The FAA’s Failures In Disclosure
Trust in a crisis depends on truth-telling—something the current administration is not renowned for, with almost 10,000 false or misleading statements from the president alone.
In this case, the FAA statement last night did not disclose that five pilots had already raised serious concerns about the 737 MAX 8 in the federal database where pilots can voluntarily report about aviation incidents without fear of repercussions.
Instead, the FAA statement said, “Other nations’ civil-aviation authorities had not provided data to us that would warrant action.” Yet Elwell didn’t have to look to foreign civil aviation authorities for such evidence. There was such evidence, right here at home, as reported in the Dallas Morning News.
The FAA statement also did not disclose that Boeing had already issued an emergency airworthiness directive about the Boeing 737 Max 8 in response to the crash of Lion Air Flight 610 in Indonesia. The directive “was prompted by analysis performed by the manufacturer showing that if an erroneously high single angle of attack (AOA) sensor input is received by the flight control system, there is a potential for repeated nose-down trim commands of the horizontal stabilizer.”

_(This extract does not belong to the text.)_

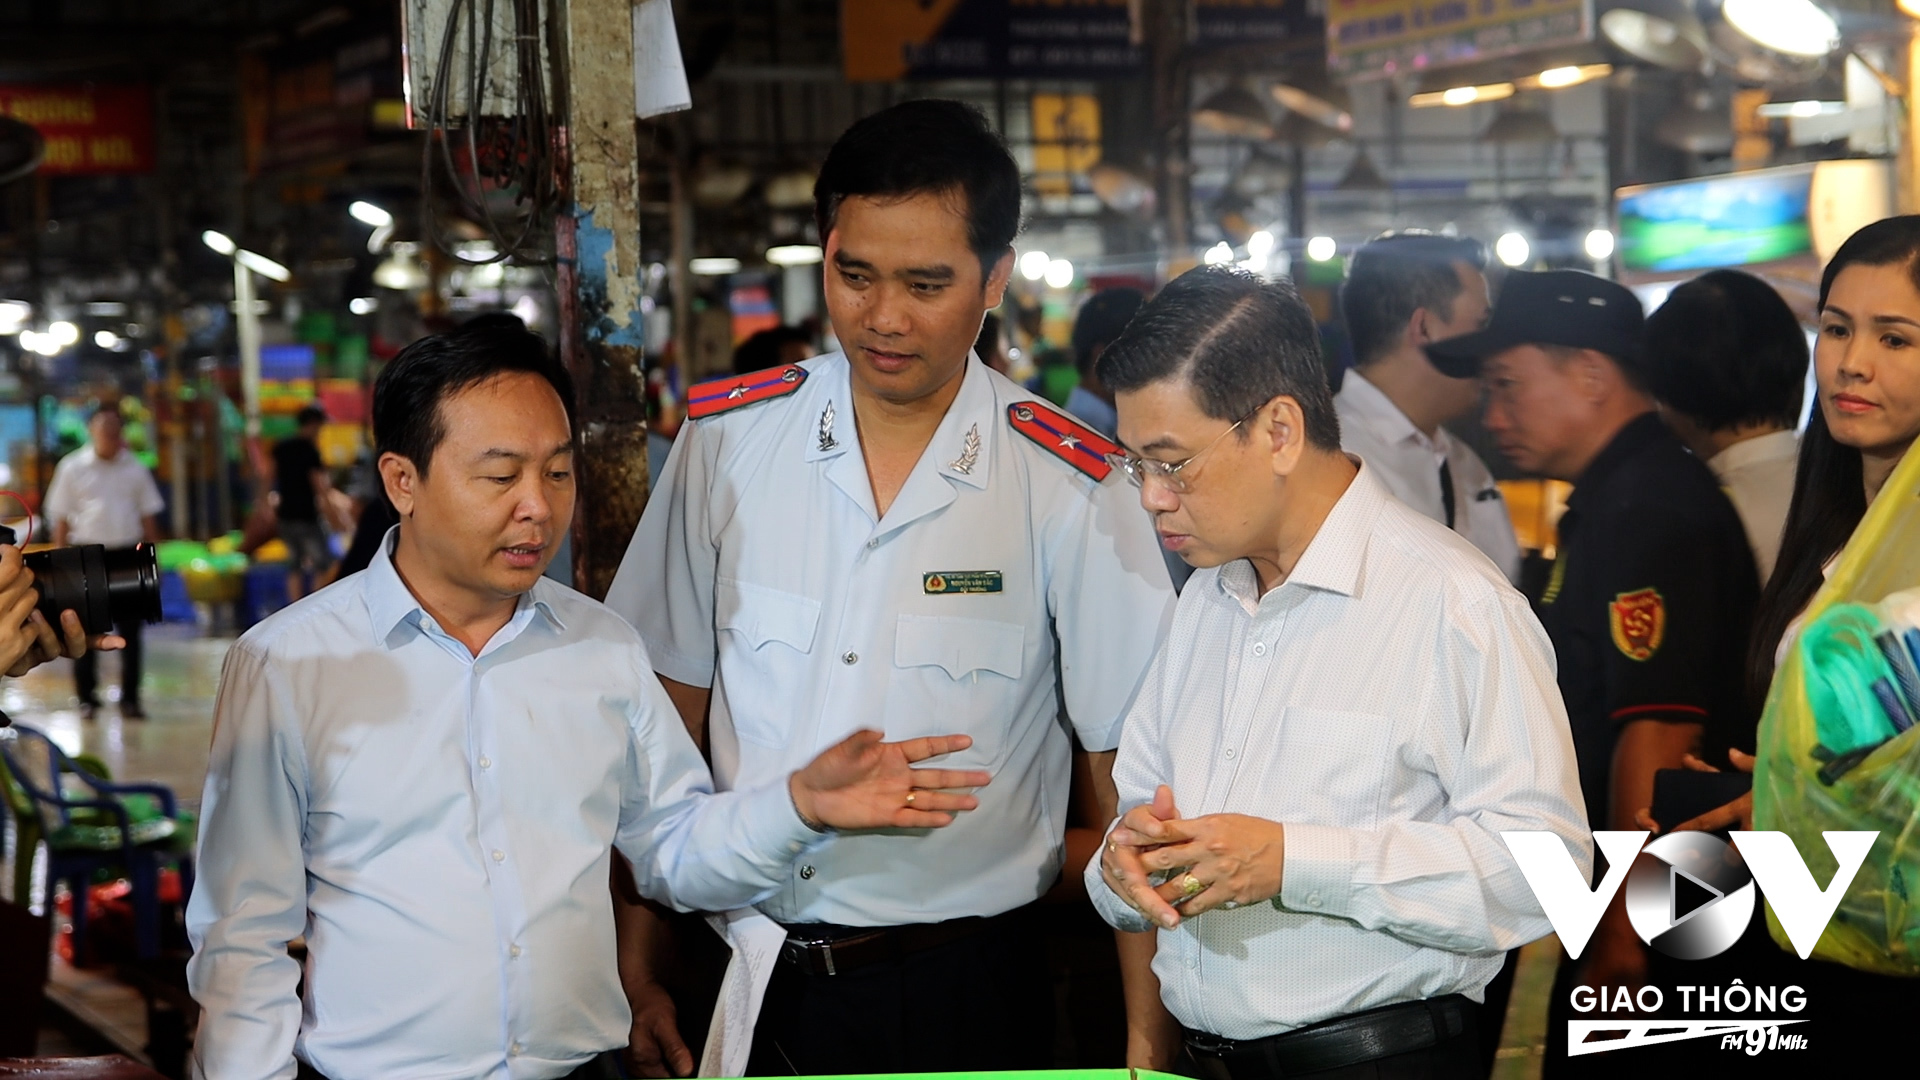 Phó Chủ tịch UBND TP.HCM Nguyễn Văn Dũng khảo sát tại chợ đầu mối Bình Điền

Cockpit Voice Recorder (of the Boeing 737 Max-8 Lion Air after successfully rescued by Indonesian Navy (Photo by Aditya Irawan/NurPhoto via Getty Images) Getty
Nor did the FAA statement disclose that Boeing and the FAA had been working together for some months to deal with the possibility that the Indonesia crash was caused by a malfunction of its stabilization system. The Maneuvering Characteristics Augmentation System (MCAS) was included on the 737 Max 8 model as a mechanism to enhance safety. The idea was that the MCAS would automatically correct for a plane entering a stall pattern as a result of the nose pointing too far upward.